Другими словами, Ницше может простить себя за то, что поддался очарованию друга. Вместо того чтобы просто сказать: «Что за идиот я был, когда связался с этим человеком», он понял, что это было не так. Научился на собственном опыте – и больше не повторял совершенной некогда ошибки.
Атмосфера нашего времени – коллективные ценности достойных людей – настолько глубоко вошла в наше мышление, что мы практически перестали ее замечать. Ницше не боялся шокировать своих читателей, открыто ополчаясь на все, что мы привыкли почитать. Он мечет стрелы в демократию, значимость жалости и сочувствия, ценность общности, стремление к общему благу. Его жестокие слова заставляют нас хотя бы на несколько минут задуматься о том, каково это – не разделять привычных основополагающих ценностей своего времени.
В приведенной ниже выдержке Ницше называет народ «стадом», и эти слова могут показаться злыми и жестокими. Но философ сознательно идет на риск, чтобы заставить признать неприятные, но очень серьезные истины. Возможно, порой мы слишком озабочены тем, чтобы соответствовать общепринятым стандартам. Порой – слишком трусливы, потому что нас пугает возможность конфронтации. Естественно, это относится не ко всем. Какой же полезный урок мы можем извлечь? Задайтесь вопросом: не слишком ли велика роль страха в вашей жизни? Не является ли главной целью вашей жизни стремление защитить самого себя?
«Ввиду того что во все времена существования людей существовали также и человеческие стада (родовые союзы, общины, племена, народы, государства, церкви) и всегда было слишком много повинующихся по отношению к небольшому числу повелевающих – то есть, понимая, что ничто не прививалось и не культивировалось в среде людей лучше и дольше, чем повиновение, – можно сделать справедливое предположение, что теперь каждый человек обладает врожденной потребностью в повиновении, то есть чем-то вроде формальной совести, которая приказывает: «Ты должен безусловно делать что-то, а чего-то безусловно не делать», короче говоря, «ты должен». Эта потребность стремится к удовлетворению, к наполнению своей формы содержанием; и она делает это грубо, в меру своей силы, нетерпения и напряжения, неразборчивая, как грубый аппетит, она исполняет все, что только ни прикажет ей кто-нибудь из повелевающих, – родители, учителя, законы, сословные предрассудки, общественное мнение.

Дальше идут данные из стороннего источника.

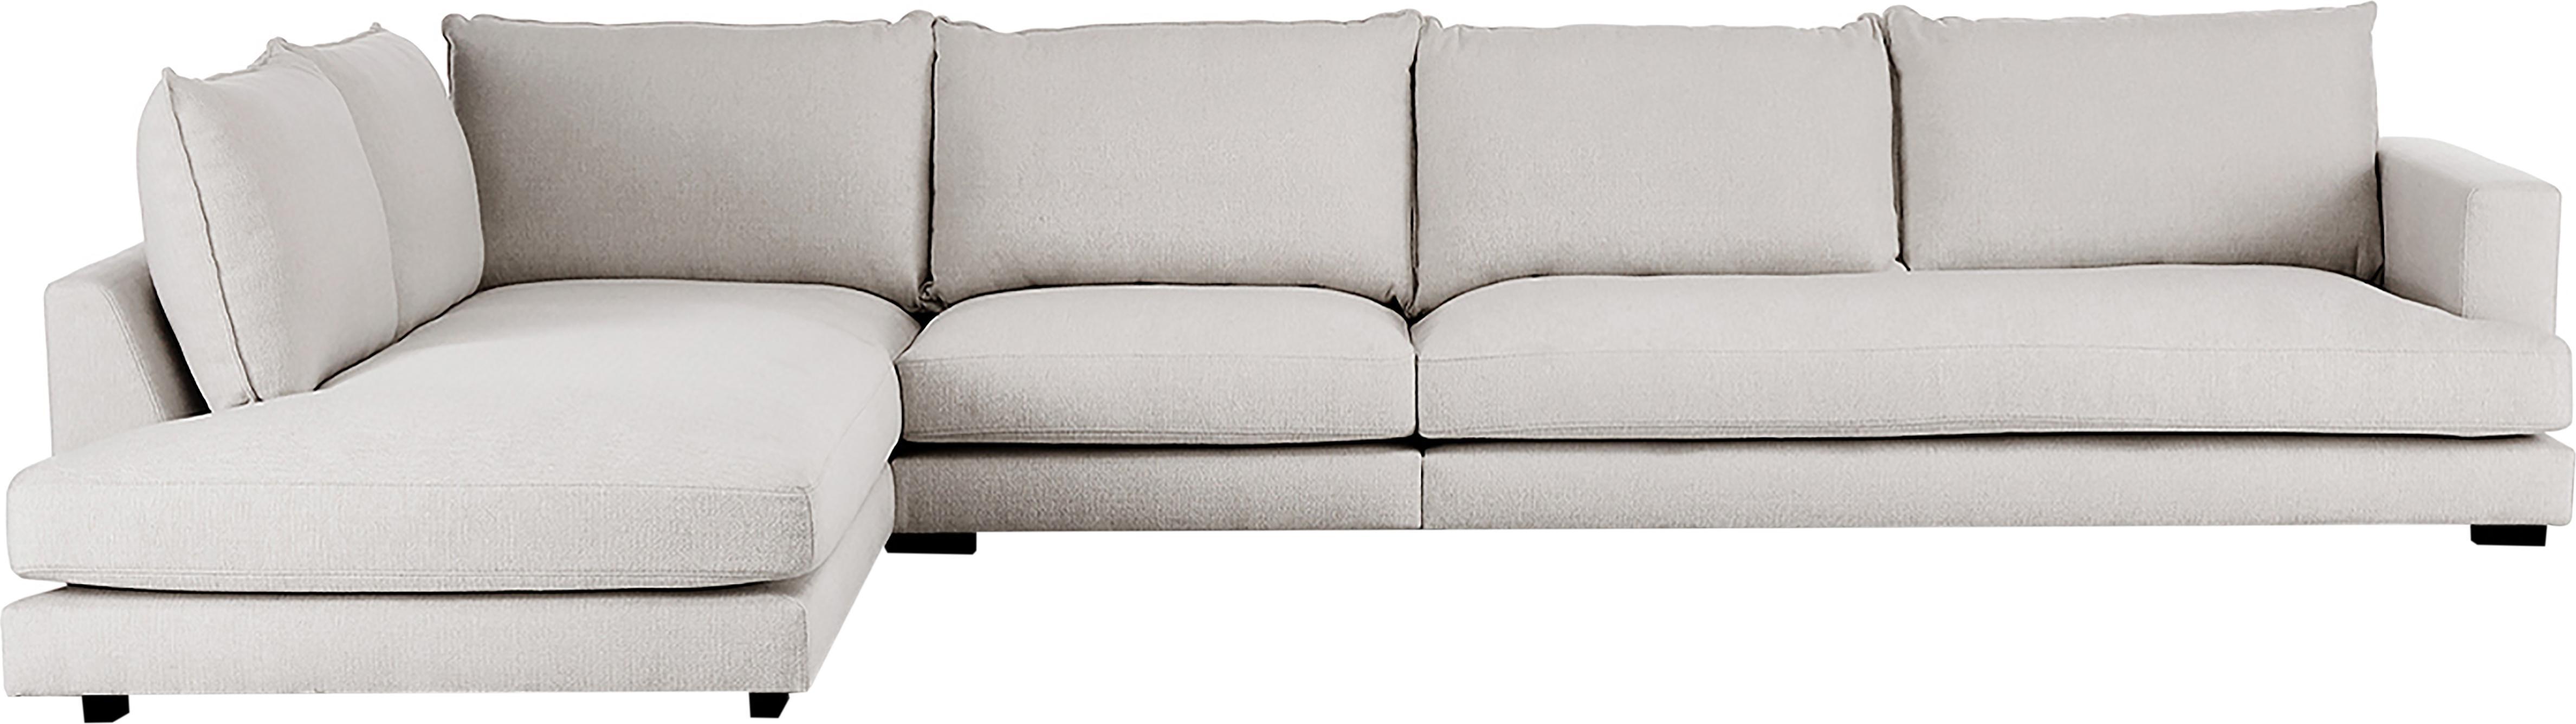 XL-Ecksofa Tribeca, Bezug: Polyester 25.000 Scheuert, Sitzfläche: Schaumpolster, Fasermater, Gestell: Massives Kiefernholz, Webstoff Beigegrau, B 405 x T 228 cm

Странная ограниченность человеческого развития, его медленность, задержки, частое возвращение вспять и вращение на месте – все это связано с тем, что стадный инстинкт повиновения передается по наследству очень успешно и в ущерб искусству повелевания. Если представить себе, что этот инстинкт дойдет когда-нибудь до крайности, то в мире совсем не будет отдающих приказы и независимых людей; или они будут внутренне страдать от нечистой совести, и для повелевания им придется обманывать себя – то есть делать вид, что и они сами лишь подчиняются. Такое положение сложилось сейчас в Европе – я называю это моральным ханжеством отдающих приказы. Они не знают иного способа защиты от своей нечистой совести, кроме как изображать из себя исполнителей более древних и высших приказов (приказов предков, конституции, права, закона или даже Бога) или даже заимствовать стадные максимы у стадного образа мыслей, называя себя, например, «первыми слугами народа» или «орудиями общего блага». С другой стороны, стадный человек в Европе ведет себя так, как будто он и есть единственно позволительная порода человека, и прославляет как истинно человеческие добродетели те свои качества, которые делают его смирным, уживчивым и полезным стаду: стало быть, дух общественности, благожелательство, почтительность, прилежание, умеренность, скромность, снисходительность, сострадание».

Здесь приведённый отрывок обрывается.